Если абстрагироваться от итогов Гражданской войны в России, противники большевиков даже на старте борьбы, казалось, обладали рядом серьёзных преимуществ.
Более того, по целому набору параметров белое движение выглядело сильнее и перспективнее своего красного противника. Другой вопрос, что, казалось бы, сильные стороны белых в итоге также сыграли против них самих. Как так вышло? Пожалуй, стоит разобрать подробнее.
Сильные стороны белогвардейцев — реальные и потенциальные.
Прежде всего, это касалось первоначального «личного и руководящего состава». Командование белых армий формировалось из профессиональных военных старой армии — офицеров с боевым опытом Первой мировой войны, штабной культурой и навыками управления крупными соединениями.
Верховенство политическое также, по сути, находилось в руках не политиков-революционеров, как у большевиков, а также военачальников. Казалось, что для такого времени — власть военных будет более организованной.

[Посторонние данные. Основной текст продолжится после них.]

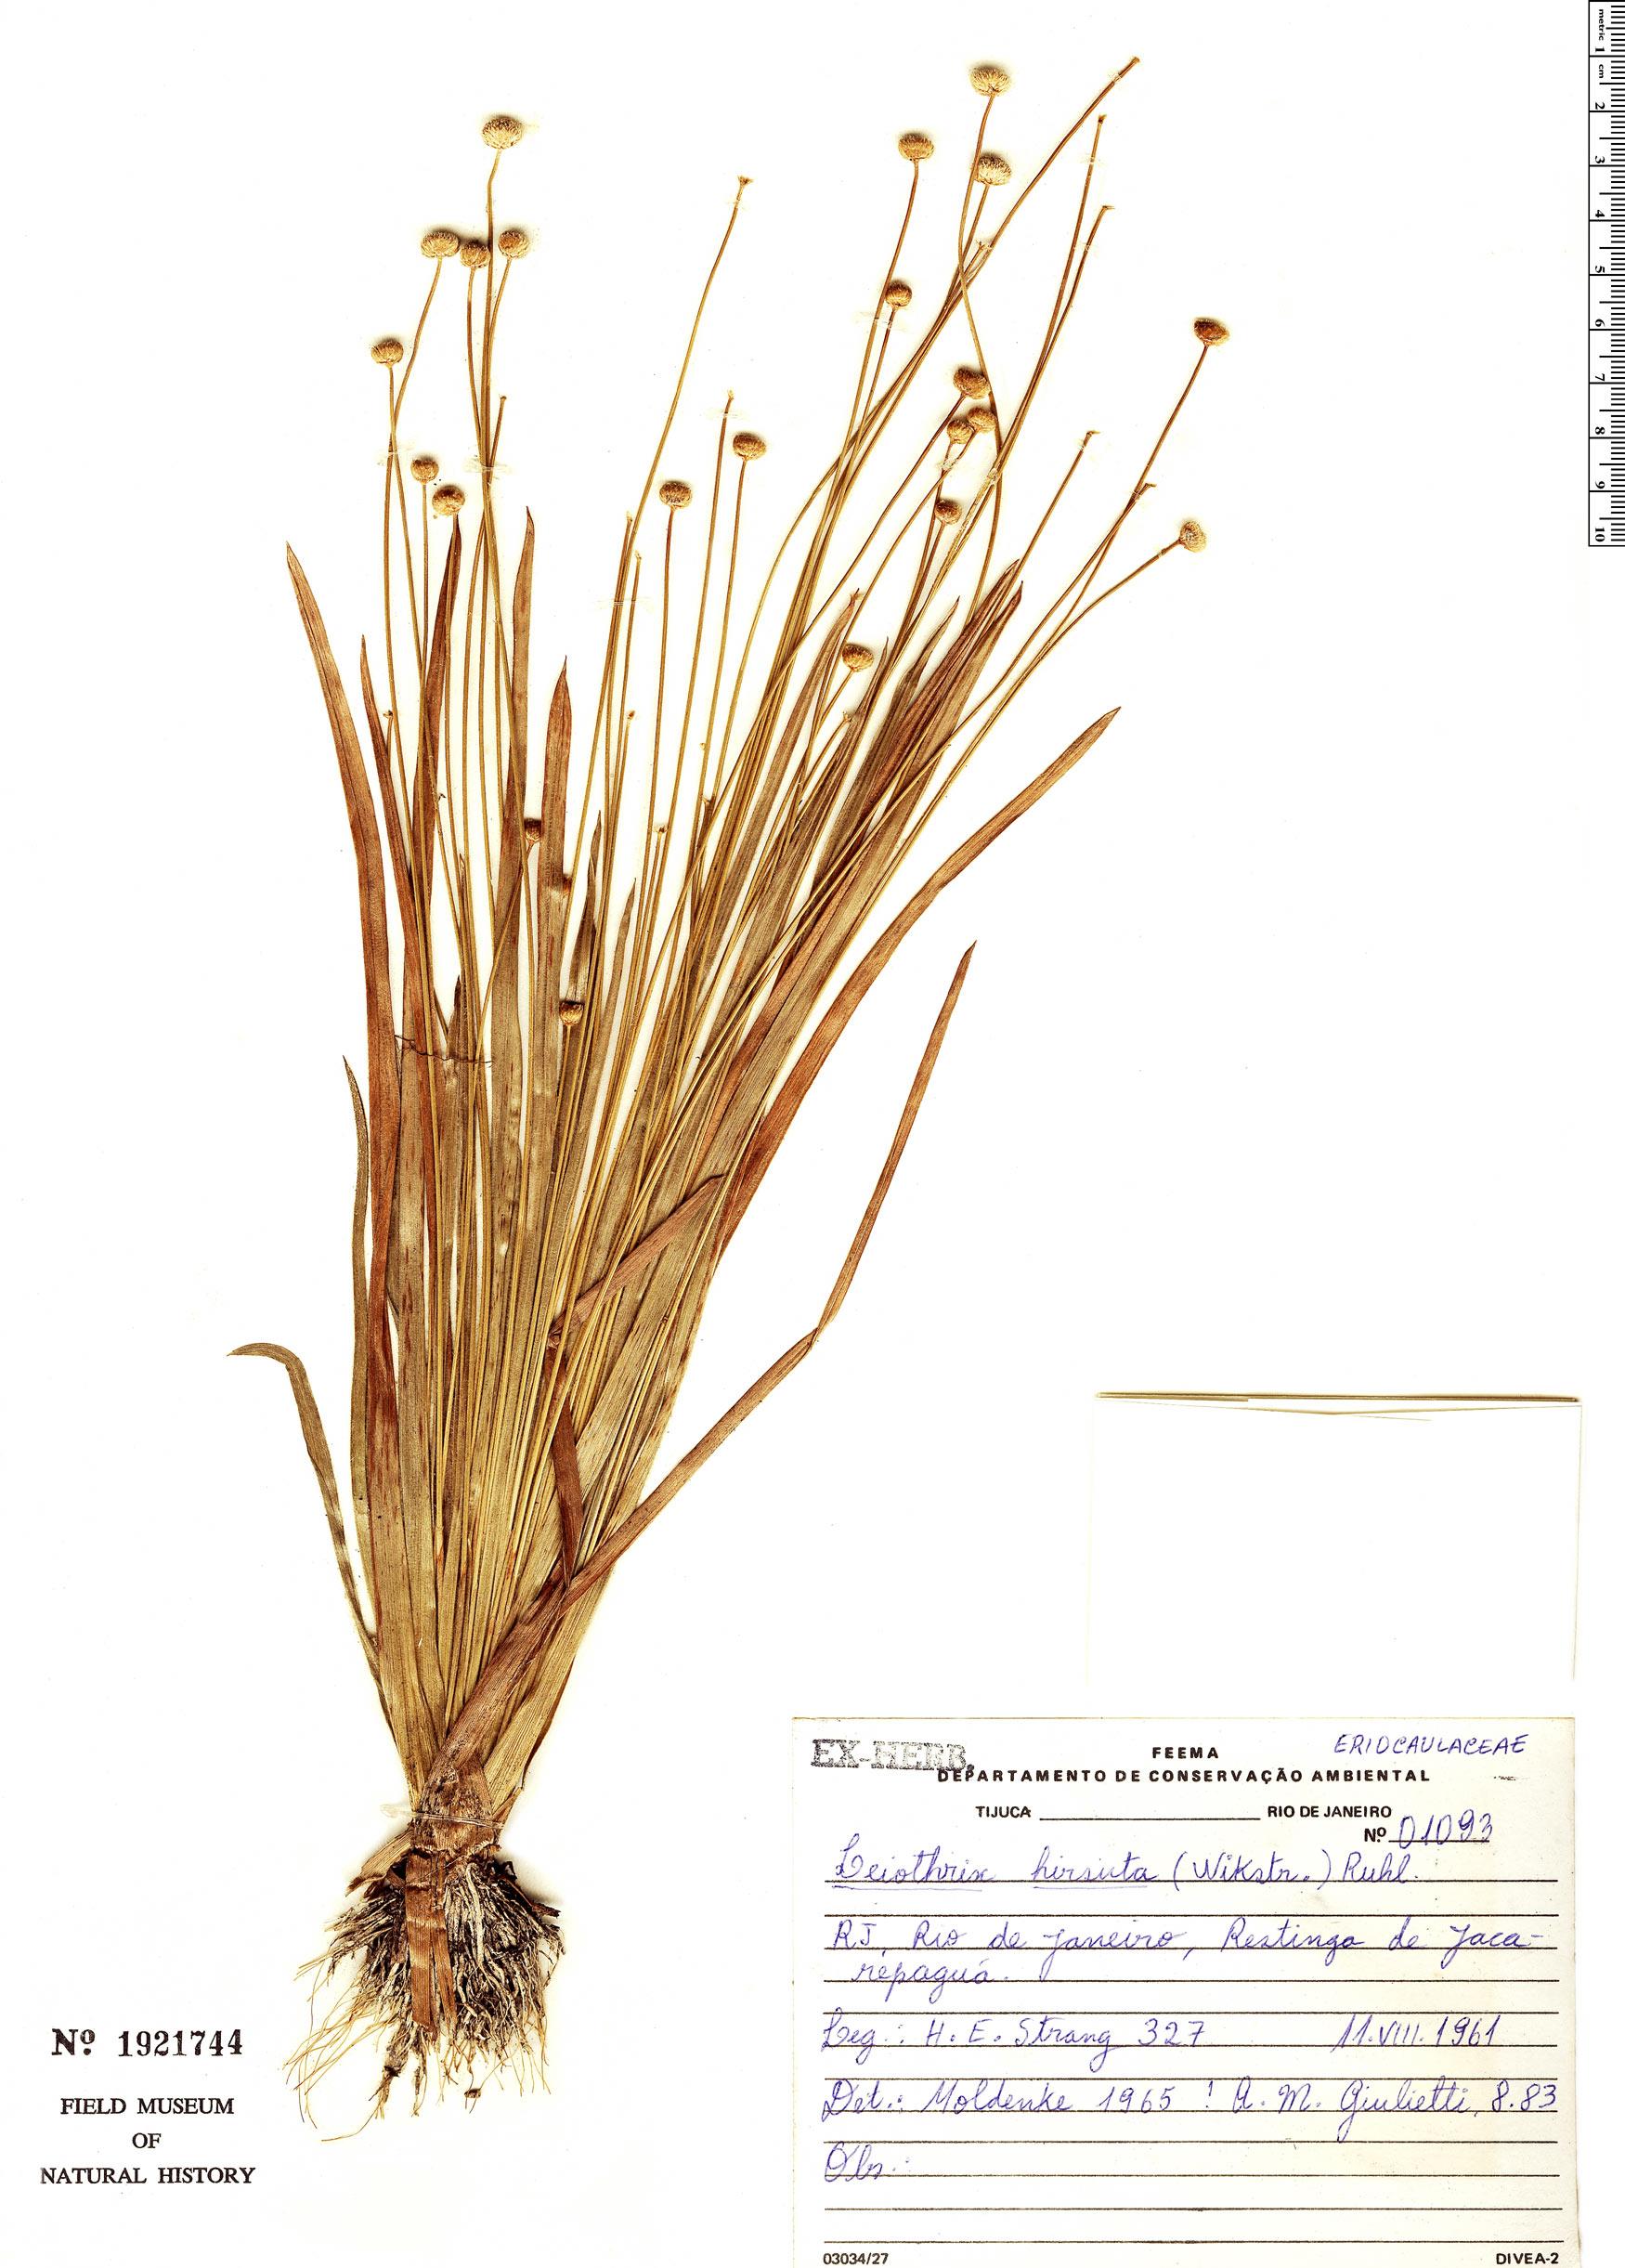 Specimen: Leiothrix hirsuta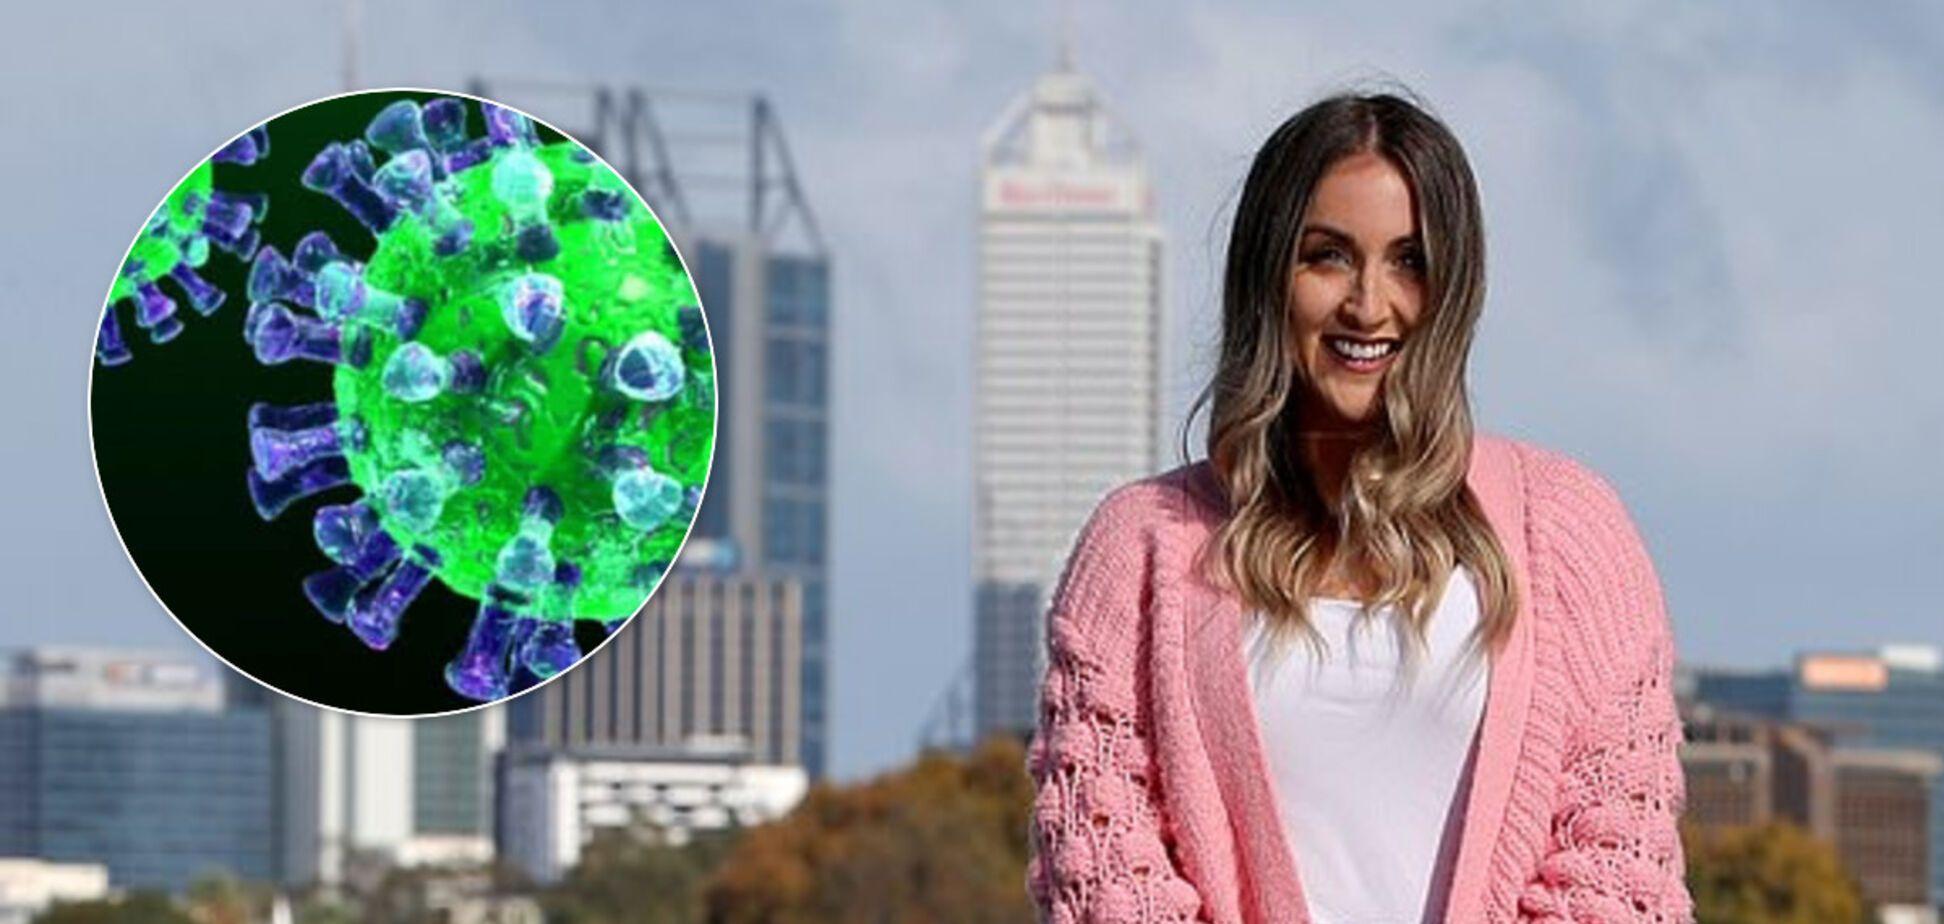 'Небезпечно для молодих і здорових': в Австралії 26-річна дівчина розповіла, як перемогла COVID-19

Большевики поначалу опирались на политически близких, но часто слабо подготовленных командиров (в том числе трудноуправляемых «вожаков» типа М. А. Муравьева или И. Л. Сорокина), белые же не опасались «измены командармов».
Важным преимуществом была и социальная база белого движения. Антибольшевистские силы пользовались поддержкой таких хорошо подготовленных в военном отношении групп, как офицерство и казачество (правда, и там и там были свои нюансы, о них далее).
Особенно казачьи регионы — Дон, Кубань, Урал, Оренбуржье — давали белым боеспособный человеческий ресурс, обладавший военными традициями, оружием и навыками самоорганизации (но и здесь закавыка была).
У большевиков нередко первые составы красногвардейских формирований включали в себя разномастные отряды «рабочей обороны», бомбистов-анархистов, деклассированных элементов.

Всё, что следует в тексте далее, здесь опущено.